Free AI Writing Co-Pilot: How Local Models Beat Sudowrite for First Drafts

The moment

It's 11 p.m. You're 600 words into a chapter and you've stalled on a sentence that starts, "She knew, the way you know things in dreams, that…" — and your brain has gone empty. You don't want a Magic 8-Ball to write the next paragraph for you. You want a nudge. Something to read and react to. A tiny mirror that says: "…that the door would be open whether she turned the handle or not."

You pause for a second and a half. The gray italic ghost appears inline. If it's right, Tab. If it's wrong, Esc, or just keep typing — it disappears. That's the entire interaction. It's free. It runs on our hardware. It doesn't read your draft back to anyone.

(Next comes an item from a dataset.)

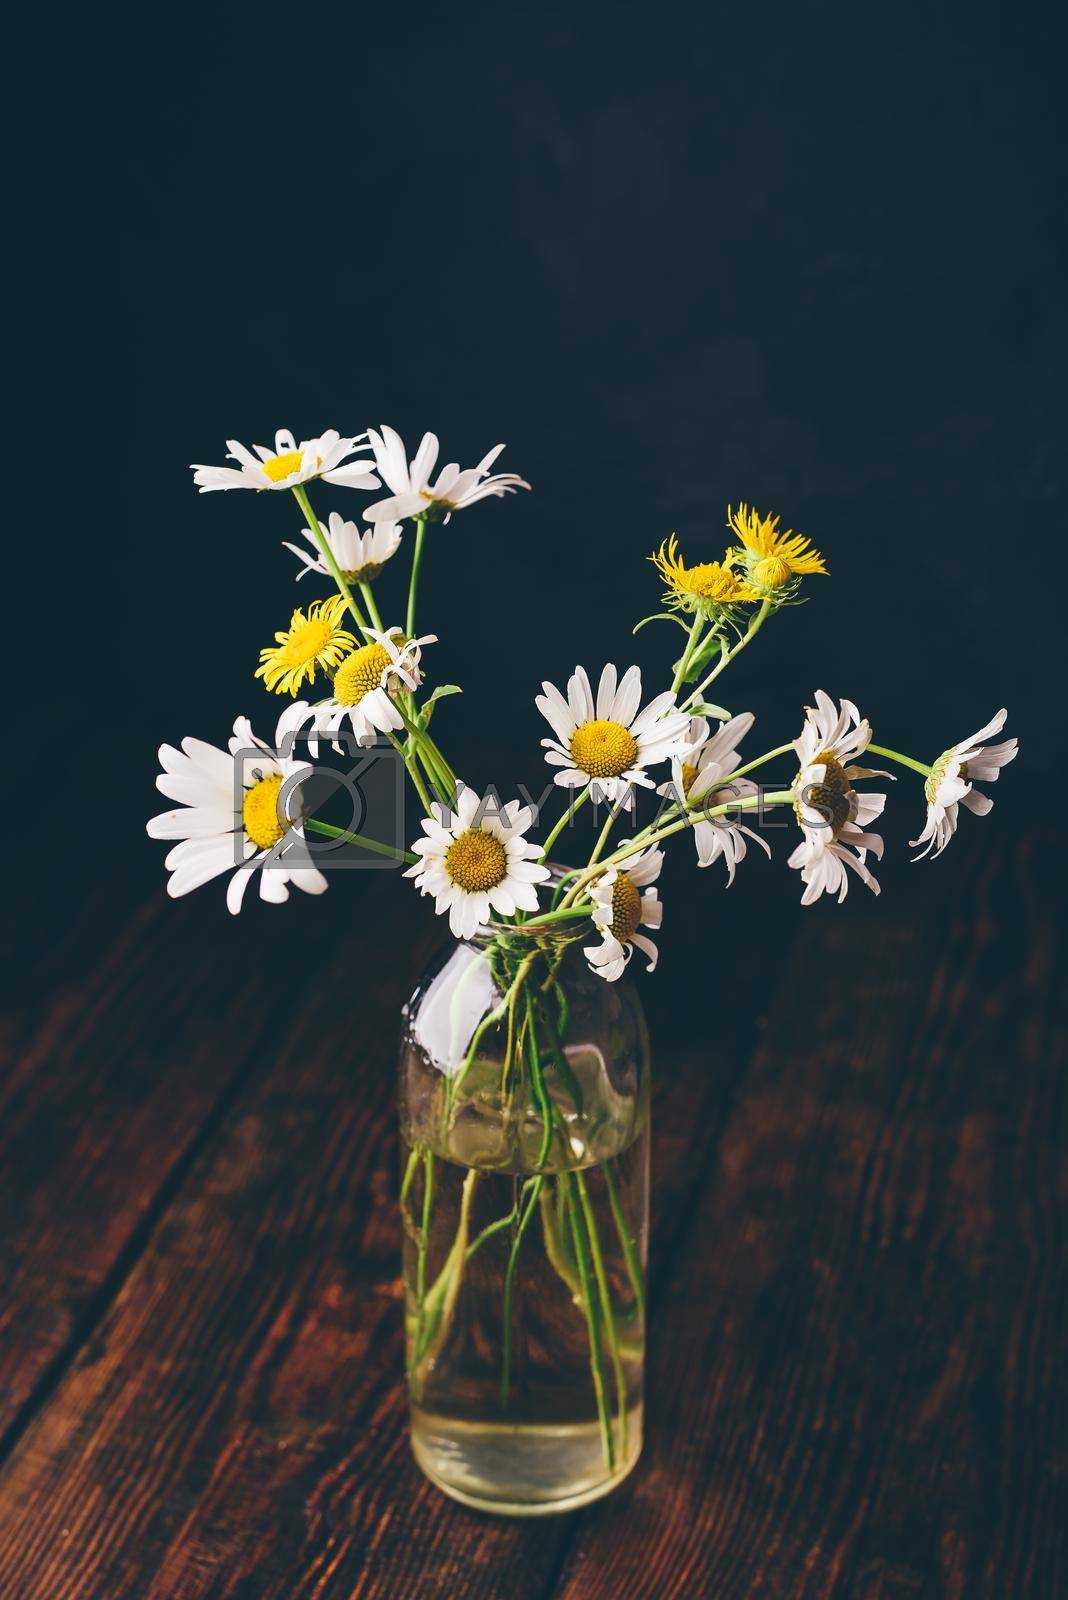 Royalty free image of Small bouquet of wild chamomile flowers by Seva_blsv

This is MimicReader's Writing Studio with the AI co-writer toggle on. And the contrast with what Sudowrite charges for the same idea is, frankly, embarrassing for Sudowrite.

The Sudowrite tax

Sudowrite is great marketing wrapped around a fairly thin technical product. The pricing structure as of mid-2026:

$19/month minimum for the "Hobby and Student" plan
225,000 credits/month — sounds enormous until you realize their Story Engine eats them in a few sittings
Heavy users buy bigger plans ($29, $59, $129) to avoid running out
Your prose is shipped to OpenAI for every generation — Sudowrite is a wrapper

That last point gets glossed over in the marketing. Sudowrite doesn't have its own model. It calls OpenAI's API behind the scenes. Your manuscript-in-progress — including the half-written scenes you'd be embarrassed to show your editor — is sent to OpenAI's servers, processed there, and the completion is sent back. OpenAI's enterprise privacy terms say they don't train on API data, which is reassuring if you trust enterprise privacy terms. (They've already changed twice this decade.)

NovelCrafter is the slightly cheaper variant: $7/month for the subscription, then you bring your own OpenAI or Anthropic API key and pay them directly per generation. Same data flow — your prose still leaves the platform you typed it into.

What "local model" actually means

MimicReader's AI co-writer doesn't call OpenAI. It doesn't call Anthropic. It hits a Llama-family model — specifically gemma3:4b — running on our own RTX 3090 in our own server room in Scotland.

When you pause typing, the editor sends the last ~500 words of your draft to 192.168.20.155:11434 (via WireGuard tunnel from the VPS), gets a 10-30 word continuation back, and renders it as gray italic text inline. The full path:

Your browser → MimicReader VPS (HTTPS via Cloudflare)
VPS → our GPU server (encrypted WireGuard tunnel, internal network)
GPU server runs Ollama with gemma3:4b, generates completion
Completion comes back the same path
Gray italic text appears in your editor

No third-party AI provider is involved. OpenAI never sees your sentence. Anthropic never sees your sentence. The only people who could theoretically see your prose are us, and we don't log requests — they hit the model and the request payload is gone the moment the response is generated. (We log that a request happened, for rate limiting. We don't log what was in it.)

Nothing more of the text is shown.